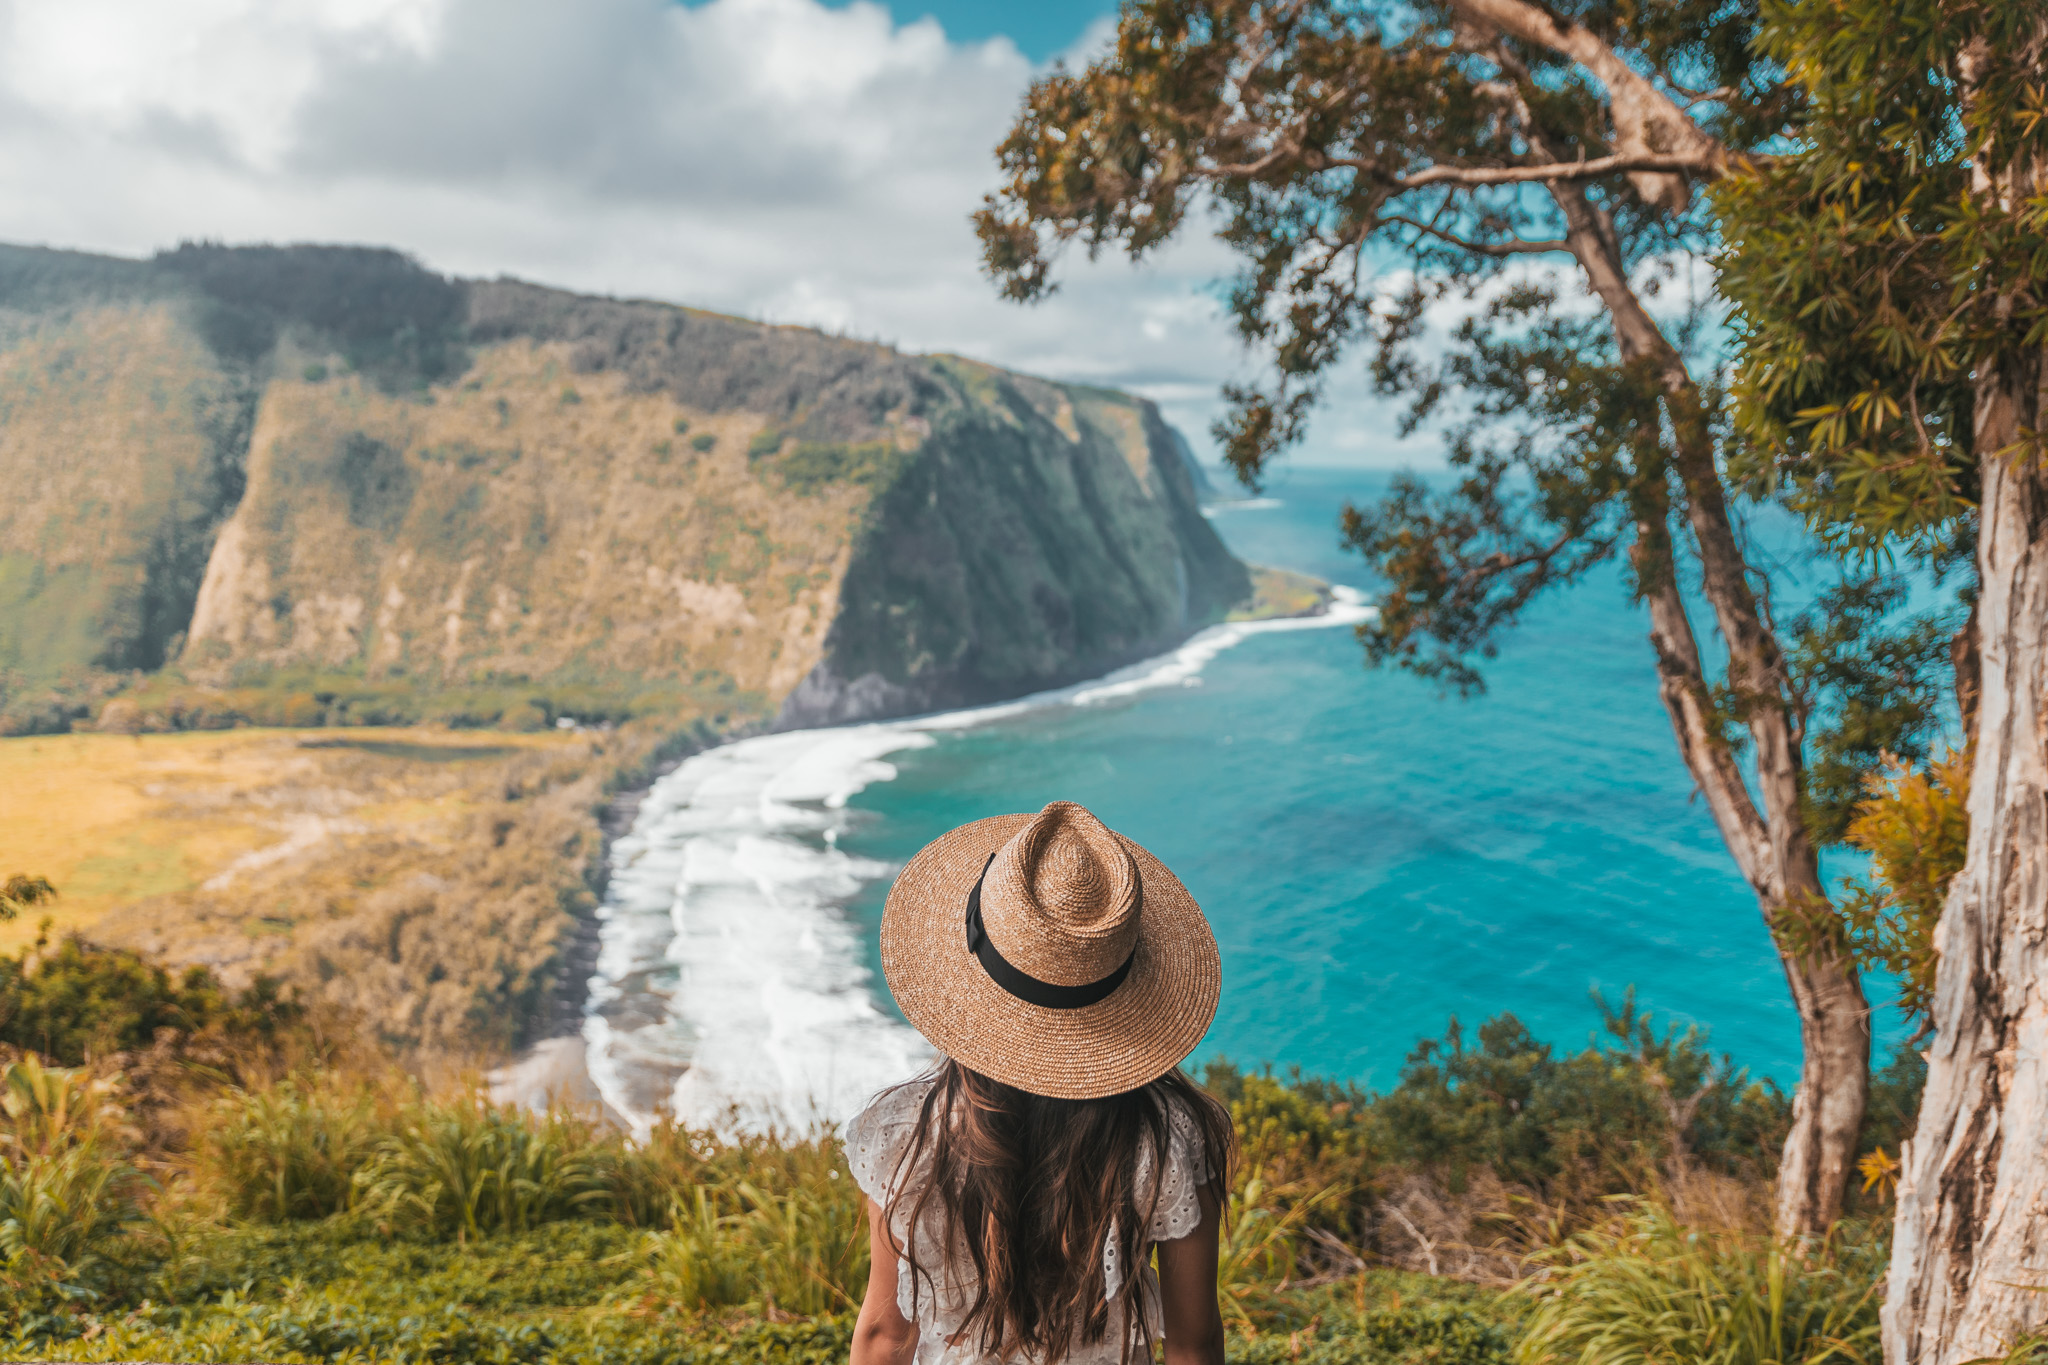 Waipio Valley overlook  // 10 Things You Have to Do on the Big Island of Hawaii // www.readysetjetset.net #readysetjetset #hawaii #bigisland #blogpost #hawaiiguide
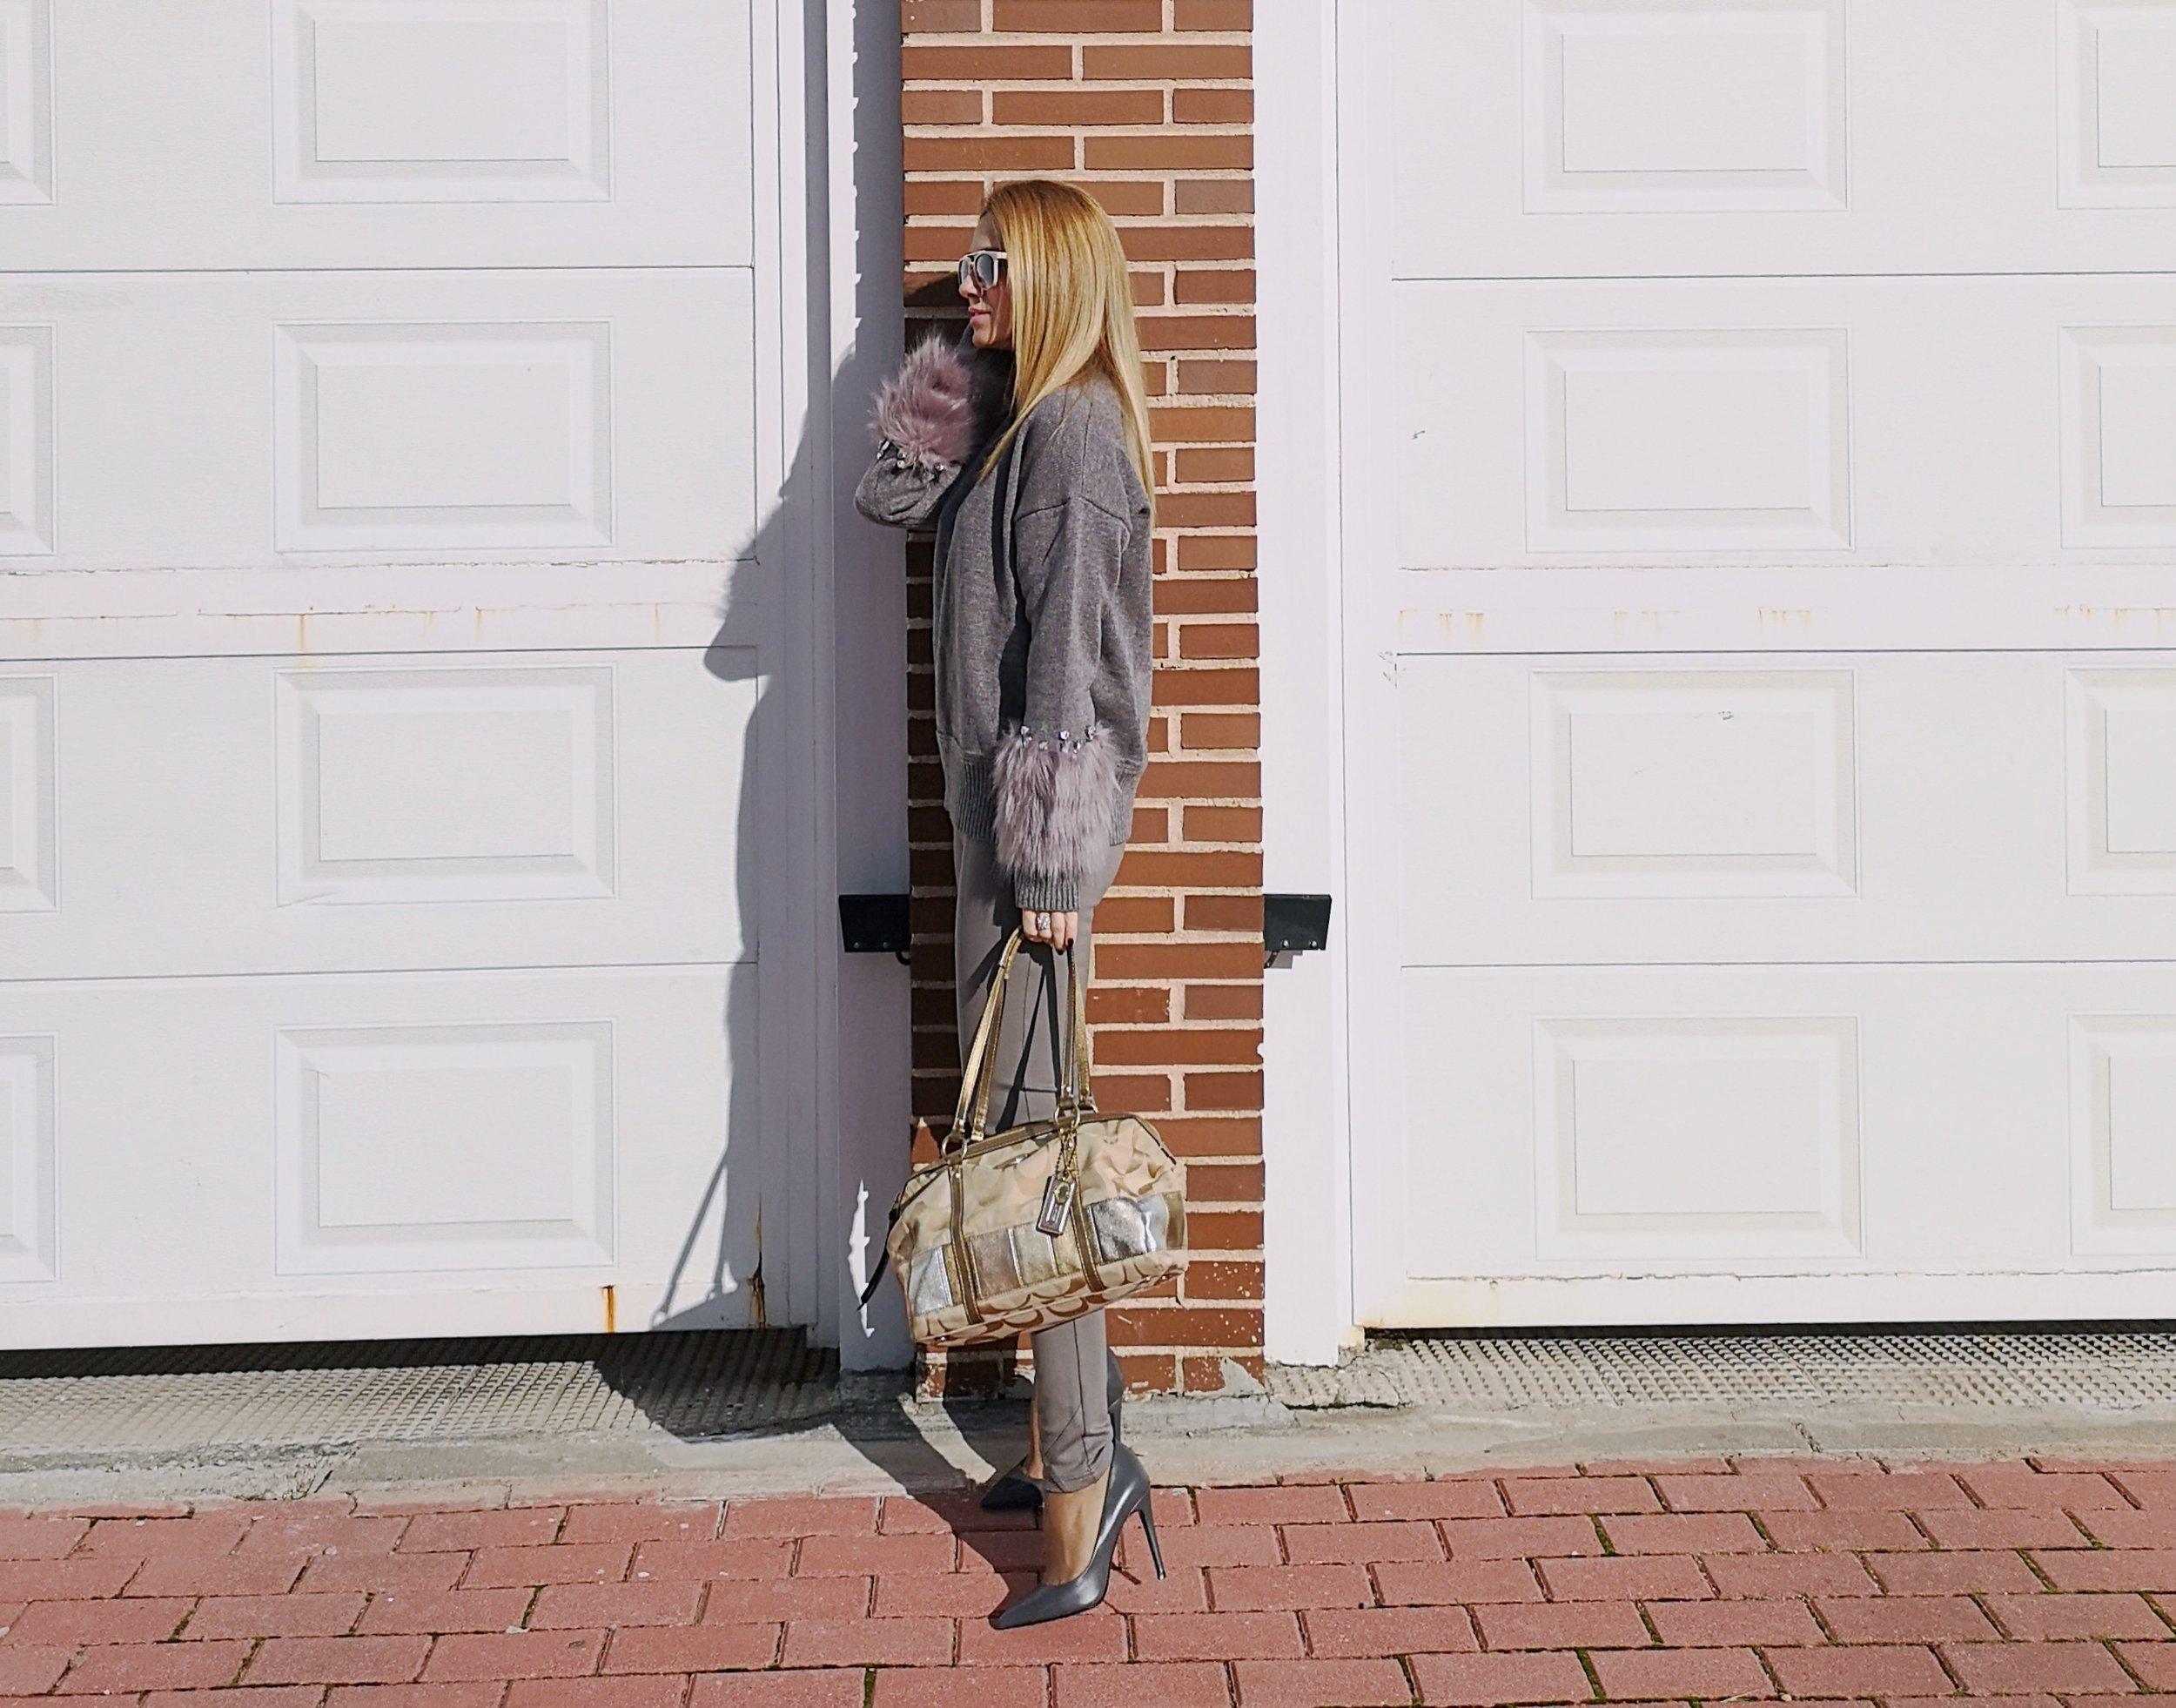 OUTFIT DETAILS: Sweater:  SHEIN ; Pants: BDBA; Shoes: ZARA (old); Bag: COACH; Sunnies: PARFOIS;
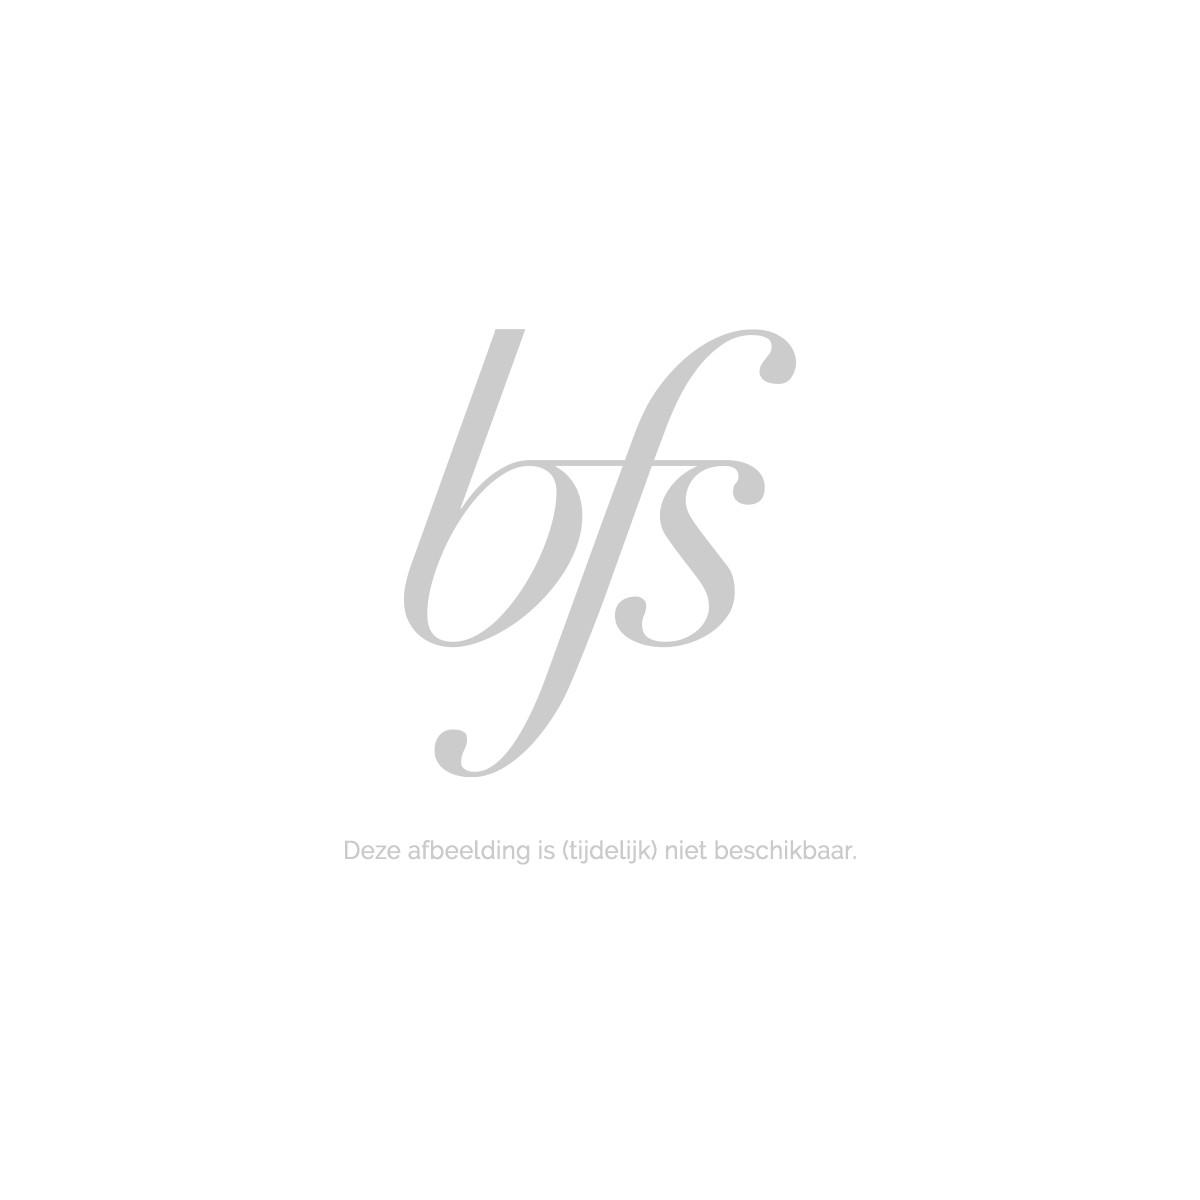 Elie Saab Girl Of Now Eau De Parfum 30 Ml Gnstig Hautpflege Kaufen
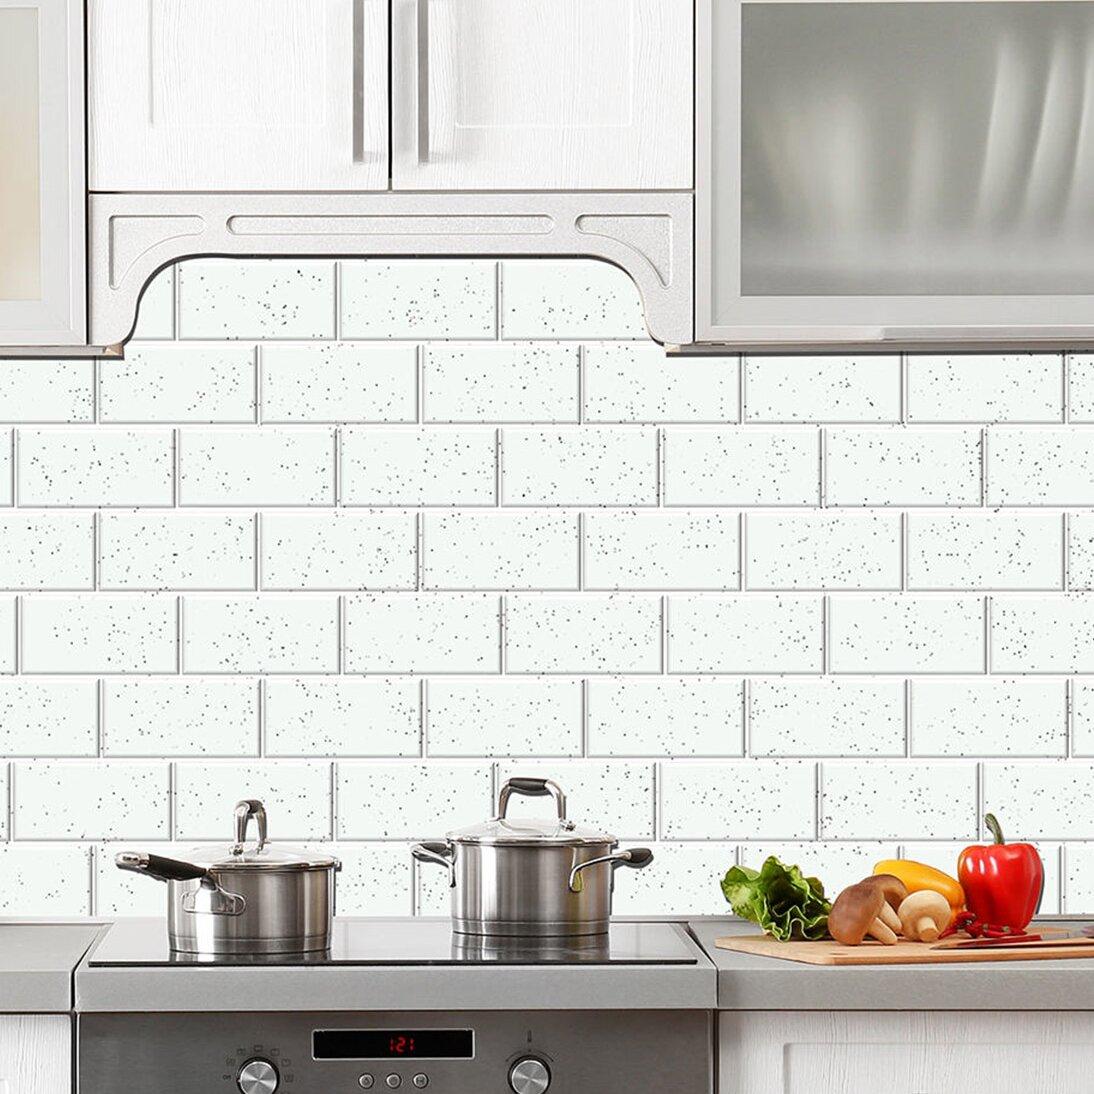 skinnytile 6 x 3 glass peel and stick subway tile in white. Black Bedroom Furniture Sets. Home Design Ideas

=== EXERCISE ===
Only the pictures are to be dropped; return everything else in the listing exactly.

=== PROBLEM SOLUTION ===
 Waipio Valley overlook  // 10 Things You Have to Do on the Big Island of Hawaii // www.readysetjetset.net #readysetjetset #hawaii #bigisland #blogpost #hawaiiguide
 OUTFIT DETAILS: Sweater:  SHEIN ; Pants: BDBA; Shoes: ZARA (old); Bag: COACH; Sunnies: PARFOIS;
 Elie Saab Girl Of Now Eau De Parfum 30 Ml Gnstig Hautpflege Kaufen
 skinnytile 6 x 3 glass peel and stick subway tile in white. Black Bedroom Furniture Sets. Home Design Ideas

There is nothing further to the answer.